TASK DATA:
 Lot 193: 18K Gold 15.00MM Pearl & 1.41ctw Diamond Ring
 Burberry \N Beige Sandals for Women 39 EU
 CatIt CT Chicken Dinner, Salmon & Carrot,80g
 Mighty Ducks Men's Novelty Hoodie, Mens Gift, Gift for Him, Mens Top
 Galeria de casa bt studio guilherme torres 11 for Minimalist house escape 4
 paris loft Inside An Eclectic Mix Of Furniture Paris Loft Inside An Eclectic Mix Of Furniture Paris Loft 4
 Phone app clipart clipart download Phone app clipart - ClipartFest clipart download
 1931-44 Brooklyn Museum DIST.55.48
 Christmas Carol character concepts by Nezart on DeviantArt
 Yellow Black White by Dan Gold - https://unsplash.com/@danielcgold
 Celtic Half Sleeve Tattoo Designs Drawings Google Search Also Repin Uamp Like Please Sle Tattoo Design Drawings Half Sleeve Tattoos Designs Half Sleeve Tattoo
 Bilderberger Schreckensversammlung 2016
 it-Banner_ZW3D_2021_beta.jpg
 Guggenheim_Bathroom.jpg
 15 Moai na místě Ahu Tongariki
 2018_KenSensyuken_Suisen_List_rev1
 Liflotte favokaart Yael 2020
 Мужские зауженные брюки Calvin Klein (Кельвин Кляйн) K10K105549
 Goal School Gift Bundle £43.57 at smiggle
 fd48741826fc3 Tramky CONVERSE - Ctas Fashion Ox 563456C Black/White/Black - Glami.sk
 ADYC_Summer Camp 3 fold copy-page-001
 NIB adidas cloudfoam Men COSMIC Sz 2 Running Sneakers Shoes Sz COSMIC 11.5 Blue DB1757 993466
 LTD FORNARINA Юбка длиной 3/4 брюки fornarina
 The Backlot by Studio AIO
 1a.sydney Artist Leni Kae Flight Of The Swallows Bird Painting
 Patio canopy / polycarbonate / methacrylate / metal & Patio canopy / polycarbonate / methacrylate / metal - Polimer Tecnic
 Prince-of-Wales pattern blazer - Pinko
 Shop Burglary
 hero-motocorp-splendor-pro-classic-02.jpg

TASK INSTRUCTIONS:
With nothing added or left out, print the data again.

YOUR RESPONSE:
 Lot 193: 18K Gold 15.00MM Pearl & 1.41ctw Diamond Ring
 Burberry \N Beige Sandals for Women 39 EU
 CatIt CT Chicken Dinner, Salmon & Carrot,80g
 Mighty Ducks Men's Novelty Hoodie, Mens Gift, Gift for Him, Mens Top
 Galeria de casa bt studio guilherme torres 11 for Minimalist house escape 4
 paris loft Inside An Eclectic Mix Of Furniture Paris Loft Inside An Eclectic Mix Of Furniture Paris Loft 4
 Phone app clipart clipart download Phone app clipart - ClipartFest clipart download
 1931-44 Brooklyn Museum DIST.55.48
 Christmas Carol character concepts by Nezart on DeviantArt
 Yellow Black White by Dan Gold - https://unsplash.com/@danielcgold
 Celtic Half Sleeve Tattoo Designs Drawings Google Search Also Repin Uamp Like Please Sle Tattoo Design Drawings Half Sleeve Tattoos Designs Half Sleeve Tattoo
 Bilderberger Schreckensversammlung 2016
 it-Banner_ZW3D_2021_beta.jpg
 Guggenheim_Bathroom.jpg
 15 Moai na místě Ahu Tongariki
 2018_KenSensyuken_Suisen_List_rev1
 Liflotte favokaart Yael 2020
 Мужские зауженные брюки Calvin Klein (Кельвин Кляйн) K10K105549
 Goal School Gift Bundle £43.57 at smiggle
 fd48741826fc3 Tramky CONVERSE - Ctas Fashion Ox 563456C Black/White/Black - Glami.sk
 ADYC_Summer Camp 3 fold copy-page-001
 NIB adidas cloudfoam Men COSMIC Sz 2 Running Sneakers Shoes Sz COSMIC 11.5 Blue DB1757 993466
 LTD FORNARINA Юбка длиной 3/4 брюки fornarina
 The Backlot by Studio AIO
 1a.sydney Artist Leni Kae Flight Of The Swallows Bird Painting
 Patio canopy / polycarbonate / methacrylate / metal & Patio canopy / polycarbonate / methacrylate / metal - Polimer Tecnic
 Prince-of-Wales pattern blazer - Pinko
 Shop Burglary
 hero-motocorp-splendor-pro-classic-02.jpg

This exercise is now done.